Add abstraction for debug info
There are various separate issues covering aspects of this, so I'm creating a dedicated issue so we can focus discussions to help move this towards an implementable outcome.
We currently set the default compiler flags in configuration-specific variables CMAKE_<LANG>_FLAGS_<CONFIG>
. These mix flags for optimization and debugging (and RTTI and exception handling for MSVC), a number of which no longer align with what developers expect as defaults. Projects have to resort to string replacements to change from these defaults, which is fragile and requires projects to hard-code the platform-specific flags to be replaced. #23374 proposes abstracting out the optimization flags, while this issue here proposes doing the same for the flags related to debug info.
I propose we define a new target property, DEBUG_INFO_TYPE
which specifies the debug info handling for that target. The property would need to support generator expressions to allow for configuration-specific values. Following the usual pattern, this property would be initialised by an associated CMAKE_DEBUG_INFO_TYPE
variable. That variable could potentially have a toolchain-specific default value. For discussion, I propose the following valid values for the property:
-
NONE
and/or empty: No debug information is generated.. -
EMBEDDED
: Debug information is generated and stored directly in the object file. This is the default behavior for gcc and clang, and corresponds to/Z7
for MSVC. -
SEPARATE
: Debug information is generated and stored in a separate file. For targets that are executables or shared/module libraries, this would be a single file for the binary. For MSVC, this would be the PDB file and corresponds to/Zi
or/ZI
(see below). For macOS, it corresponds to a dSYM file. For elf binaries, this would probably be a.dwp
file formed by combining individual.dwo
files from a split dwarf arrangement.
For compilers that don't support one of the above options, it would be an error to ask for that debug info type. This would be likely for the SEPARATE
case with some older embedded toolchains, for example (the TI compiler comes to mind).

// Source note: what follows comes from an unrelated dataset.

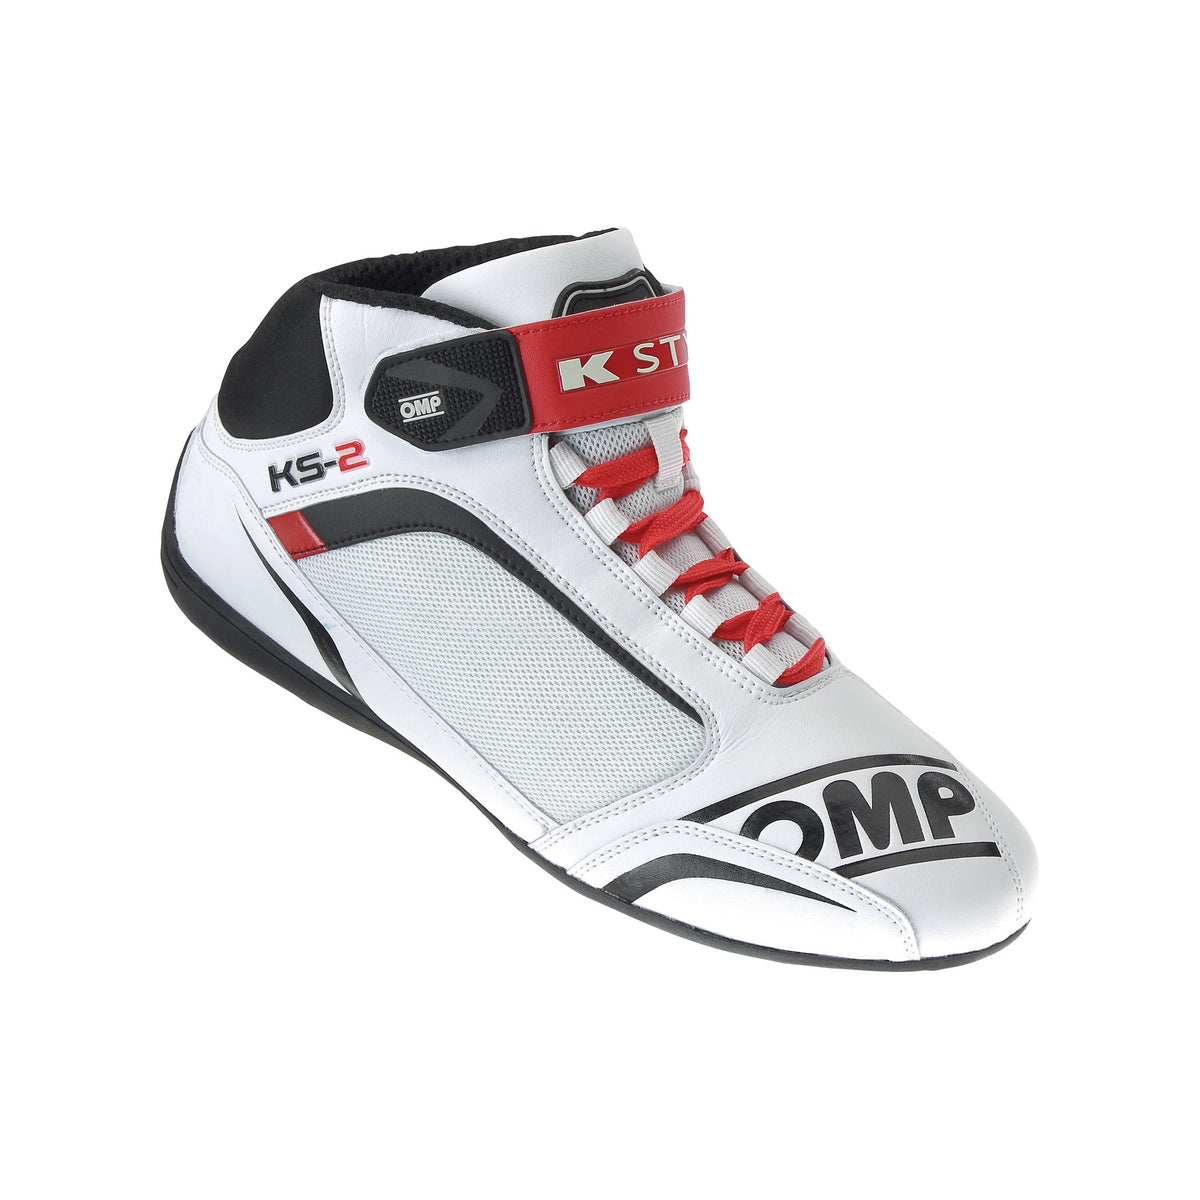 OMP KS-2 Kart Shoes - Fast Racer — FAST RACER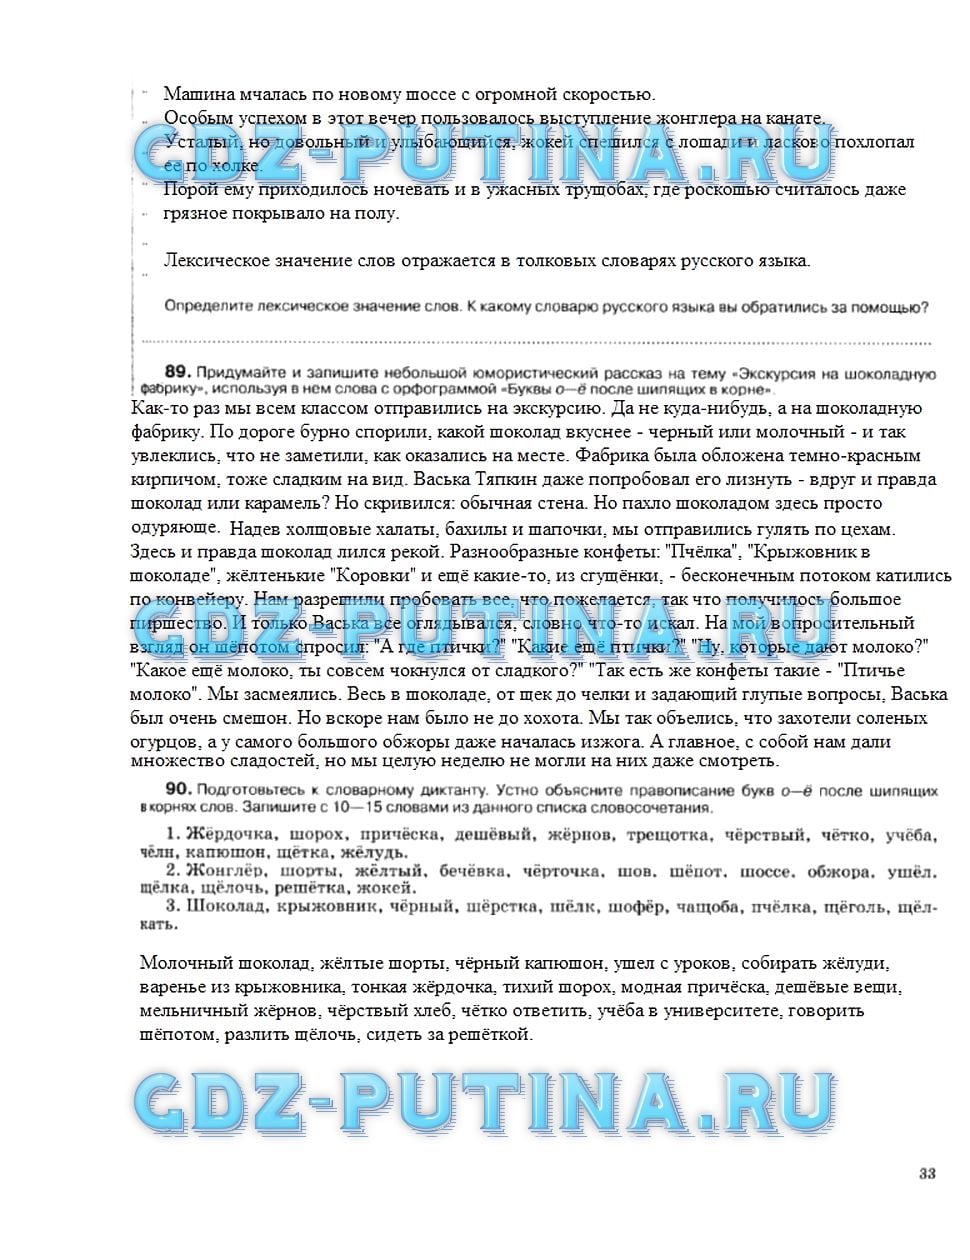 гдз 5 класс рабочая тетрадь страница 33 русский язык Ларионова

MSVC supports an "edit and continue" feature, which requires a different debug flag (/ZI
rather than /Zi
). We could model that with a separate property, or we could add an EDIT_AND_CONTINUE
value to the above property, which only MSVC would be likely to implement. I am currently leaning toward a separate MSVC-specific property, but could be convinced either way.
Some references for existing issues that already discuss aspects of this topic, or are related:
- #20812 Default MSVC release flags suboptimal
- #21765 Default MSVC debug flags different to IDE defaults
-
#10189 (closed) Default MSVC debug to
/ZI
instead of/Zi
-
#19549 (closed) Default MSVC release flags should set
/Zi
or/ZI
- #20256 Separate debug information
- #21705 Disable or customize default compiler flags
- #19676 Swift applications are not debuggable by default (probably applies to all languages, not just Swift)
- #20610 Add abstraction for enabling RTTI and exceptions
- #19084 Difficulties with target_compile_options() (this has some useful detailed discussion)
Out-of-scope for this issue, but once this issue and #23374 are implemented (maybe #20610 too), some follow-on work which could be considered includes (these would deserve their own separate issues):
- Consider no longer setting any
CMAKE_<LANG>_FLAGS_<CONFIG>
variables at all. Instead, use the optimization and debug abstractions, which should default to the relevant setting based on the active configuration type (Debug
,Release
, etc). We can still support those variables if users or projects set them, but we wouldn't populate them by default any more (would need a policy). - Consider whether to rationalise the default set of configurations in
CMAKE_CONFIGURATION_TYPE
to justDebug
andRelease
, where we would still produce debug artefacts for Release by default, but as separate files (i.e. use theSEPARATE
debug type by default for Release). This would better align with what IDEs like Xcode and Visual Studio do by default, and probably with what most developers typically need. Embedded folks might be a counter-argument with their different needs for minimizing size, but I think that still falls under the optimization abstraction (#23374).